31 After having directed to the plaintiff to place the buffer on the front end loader, there was then no supervisions of this loading activity by the defendant. It was only after the plaintiff was injured that the defendant’s employees came to his aid and manually positioned the buffer correctly on the forks of the front end loader. The plaintiff was not an experienced rigger or dogman. The defendant was engaged to provide the expertise required to safely load the unloading ramp and its ancillary components for transport to Wingham. In Mr Tozer’s opinion the accident to the plaintiff occurred because he was not properly supervised while loading the buffer onto the front end loader. This operation was part of the overall truck loading operation for which the defendant was responsible. An employee of the defendant has admitted that they had the responsibility for supervising the loading of the truck. The plaintiff has a real case to advance.

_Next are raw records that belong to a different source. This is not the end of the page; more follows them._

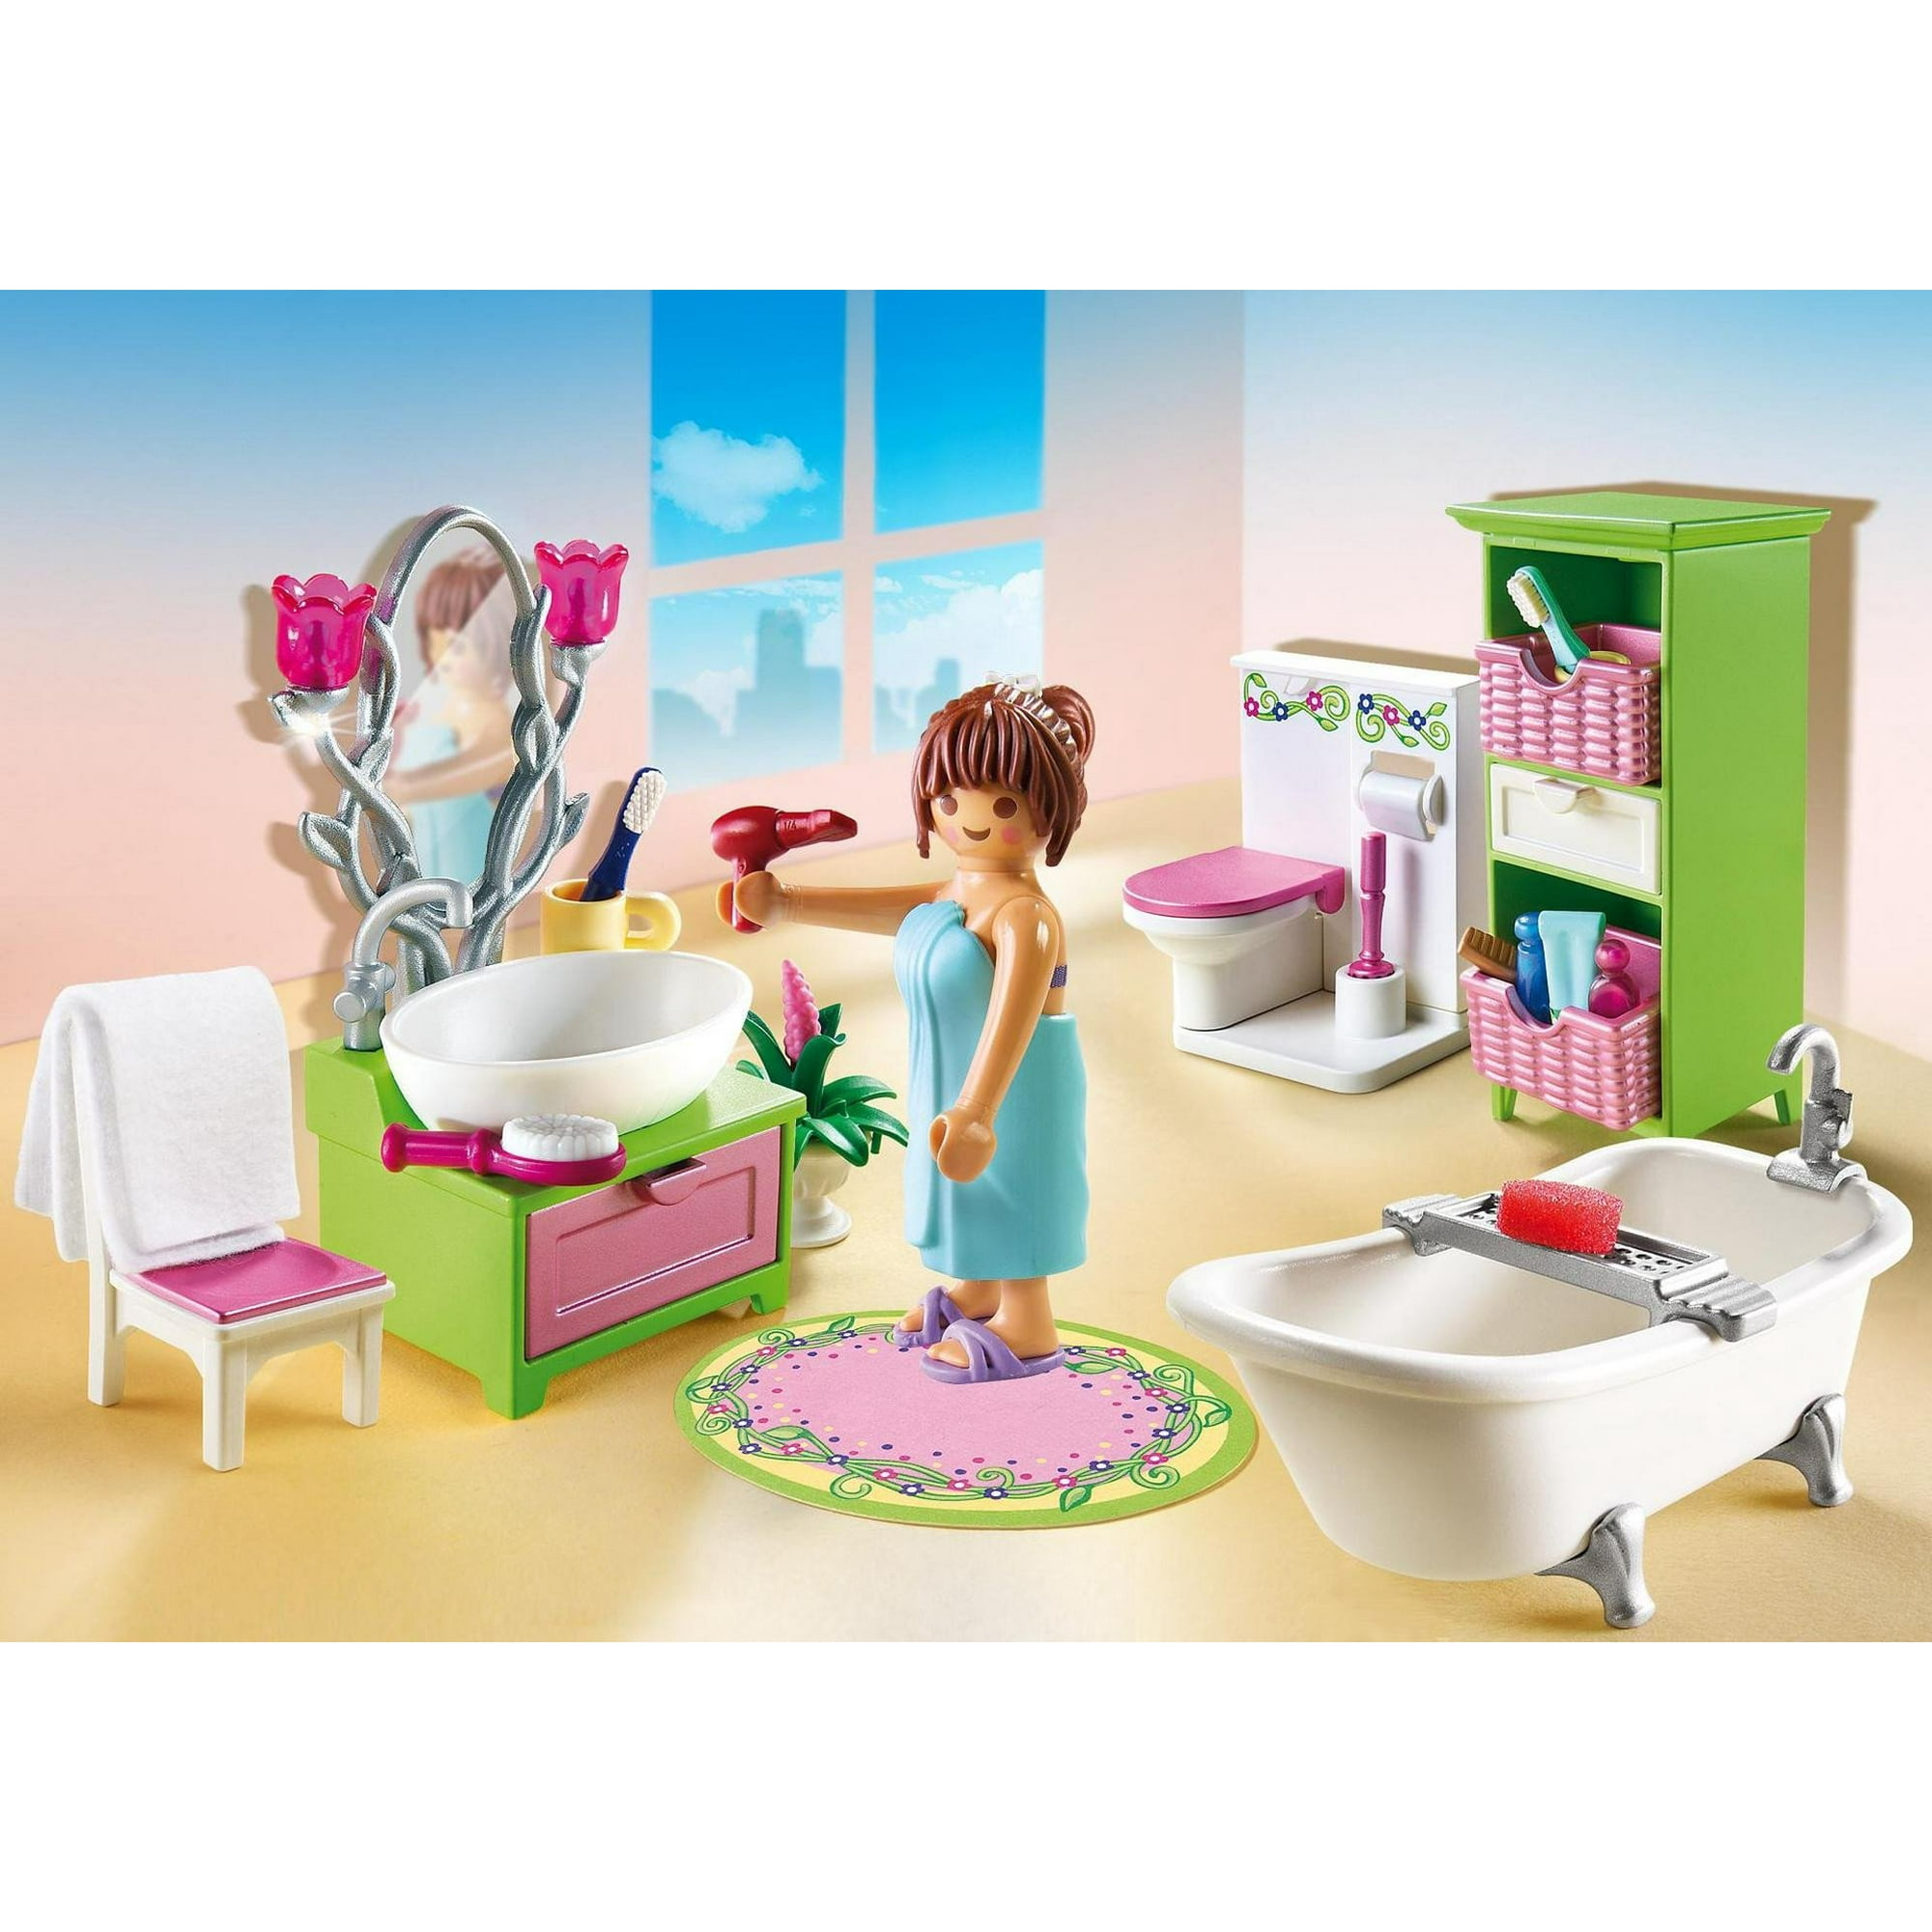 Картинки ванной для детей. Ванная Плеймобил. Ванная комната для девочки. Playmobil ванная комната. Игрушечная ванная комната.
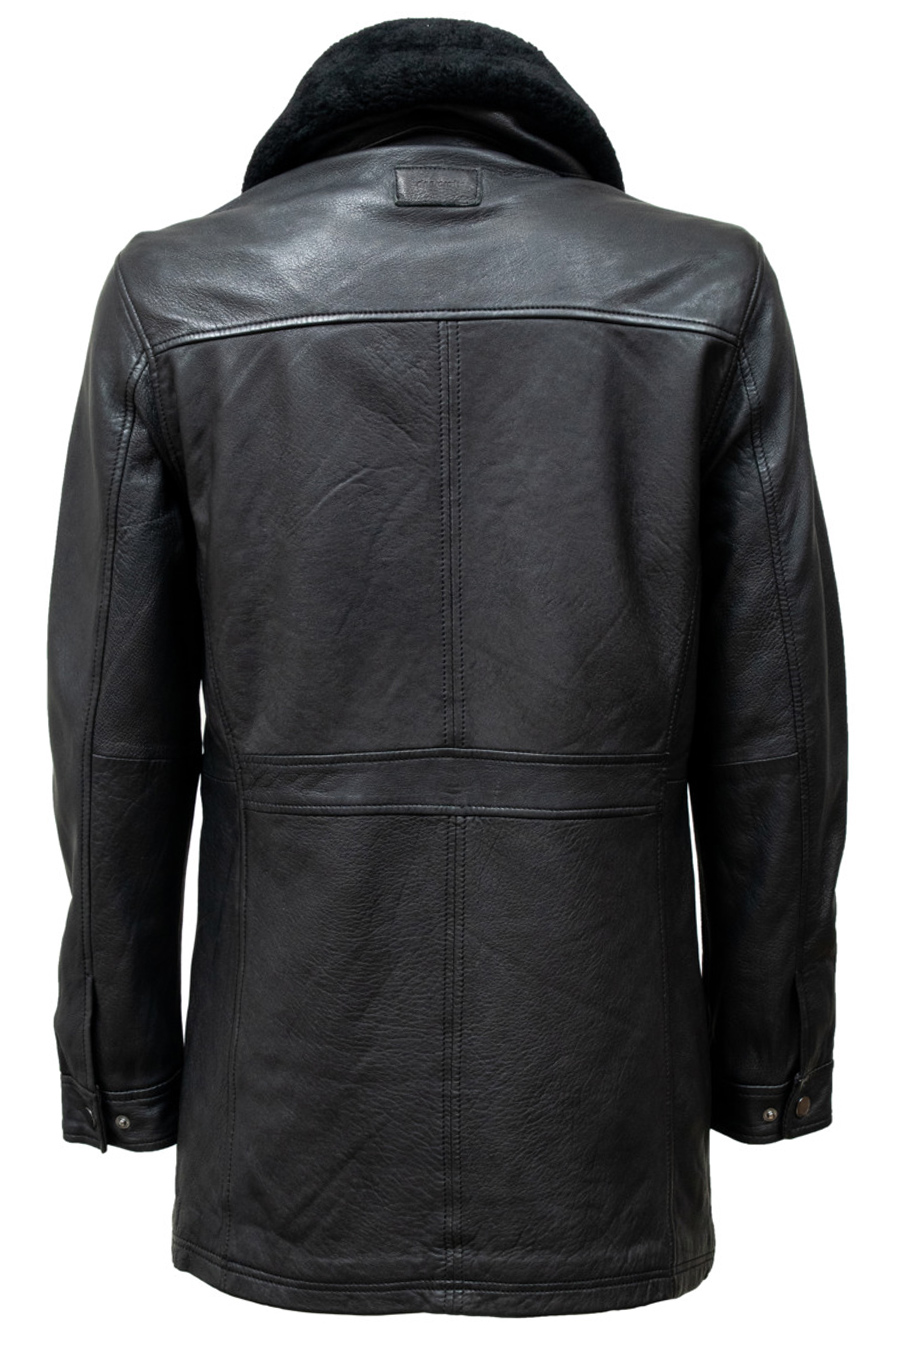 Leather jacket DEERCRAFT 3701-0123-black
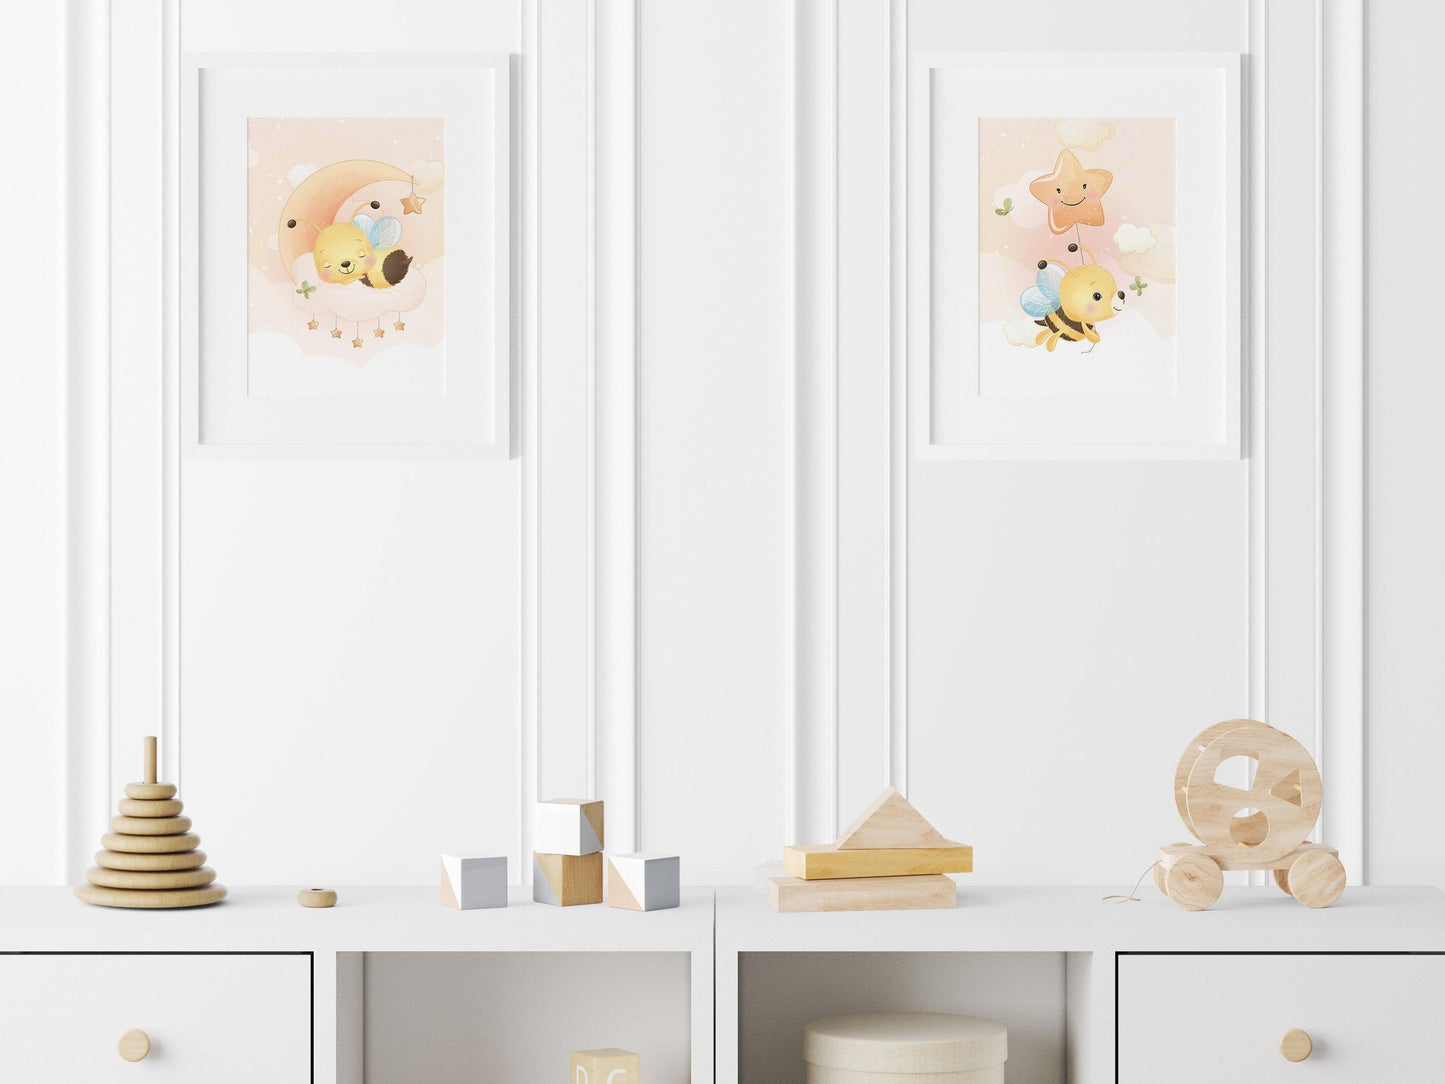 Affiches Abeille mignonne illustration - chambre enfant bébé - Décoration fille - Idée cadeau Naissance - Thème animaux - bee cute - A4 A3 - Imagine.affiche
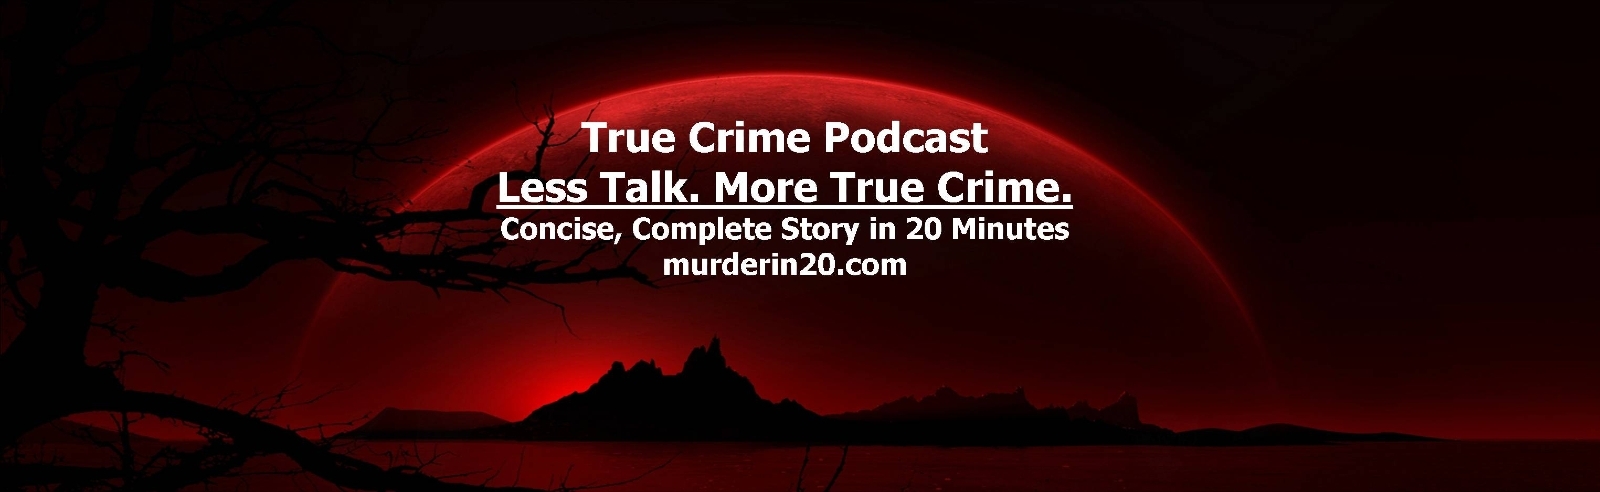 Murder in 20 - True Crime Podcast

32 It is my view that the defendant has not suffered significant prejudice. The defendant will be able to obtain a fair trial. I have taken the matters referred to in s 60E(a) to (h) into account. The plaintiff has discharged his onus and I am satisfied that it is just and reasonable to extend the limitation period under s 60C and E against the defendant.

33 Costs are discretionary. In Wynter, Sheller JA stated that in relation to costs ordinarily a successful applicant, who has allowed him or herself to get out of time, should pay the costs of the application unless the respondent’s opposition was wholly unreasonable.

34 The orders I make are:


      (1) Leave is granted to extend the limitation period against the defendant in relation to an accident which occurred on 30 August 1996 up to and including 16 August 2002.

      (2) The plaintiff is to file and serve a statement of claim on or before 16 August 2002.

      (3) The plaintiff is to pay the defendant’s costs.